When you break it down month-by-month, you:
- Identify slow periods early
- See capacity gaps
- Prepare your workforce
- Know when to push
- Know when to follow up
- Anticipate cash flow
- Eliminate surprises
Monthly forecasts prevent the single most destructive habit in PCB sales: The year-end miracle mindset, hoping December will save the year.
No, it won’t. Not in this industry or this market, with this competition. Monthly forecasting makes the entire team accountable—every month, every week, every day.
5. Tie Sales Activity Directly to Forecast Outcomes.
Forecasting is what your team does, not just what customers say. Every forecast should be directly connected to:
- Daily communication
- Weekly customer touches
- Monthly pipeline reviews
- Target account progress
- Opportunity follow-up
- RFQ movement
- Quote-to-win ratios
- Proposal turnaround time
- Responsiveness
- Engineering support
- Technical engagement
- New project identification
Activity drives the pipeline, which drives opportunities. That drives bookings, and, in turn, your forecast. So, if your team isn’t consistently active, your forecast will consistently fail.
A Story Every Company Should Pay Attention To
Several years back, I watched a company go from chaos to control,and it had nothing to do with technology. They simply built a disciplined forecasting process by:
- Talking to every customer.
- Getting honest about upcoming risks.
- Building monthly numbers instead of annual hopes.

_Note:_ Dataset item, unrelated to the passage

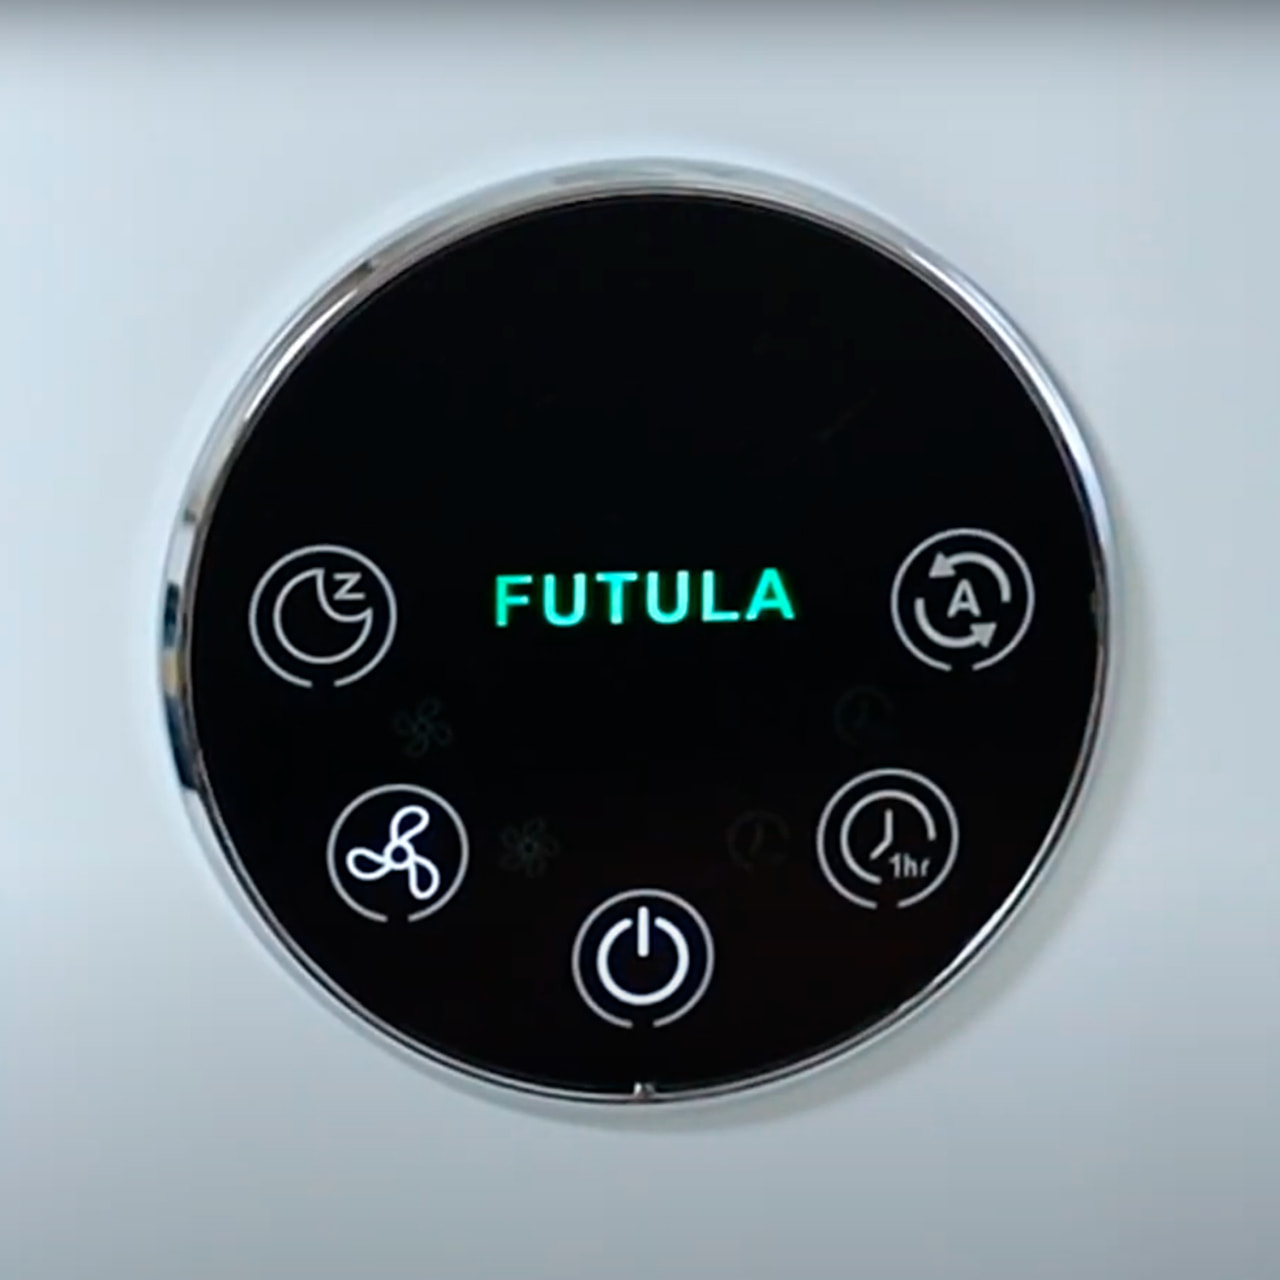 По центру панели выводится логотип Futula, цвет которого зависит от качества воздуха в помещении

- Tracking activities that fed the pipeline.
- Running weekly reviews with no excuses.
- Updating every month based on real data.
Within one year they went from:
- Constant surprises to predictable flow
- Reactive chaos to controlled growth
- Panic hiring to planned hiring
- Scrambled scheduling to smooth scheduling
- Unstable cash flow to predictable cash flow
- Guessing to knowing
They didn’t grow because they improved their shop. They grew because they improved their visibility. That’s the power of forecasting done right.
The Common-Sense Bottom Line
Stop guessing or hoping. Stop forecasting from memory or tradition. Start by understanding what customers will build and when, what technology they’ll need, what volumes to prepare for, and the risks and opportunities that will emerge. Know your pipeline, your activity, and your momentum
Companies with strong forecasting don’t fear the future. They shape it. Companies without forecasting don’t plan their year. They survive it.
In 2026, survival isn’t the goal. The goal is to win, grow, and lead.
Dan Beaulieu is president of D.B. Management Group and an I-Connect007 columnist.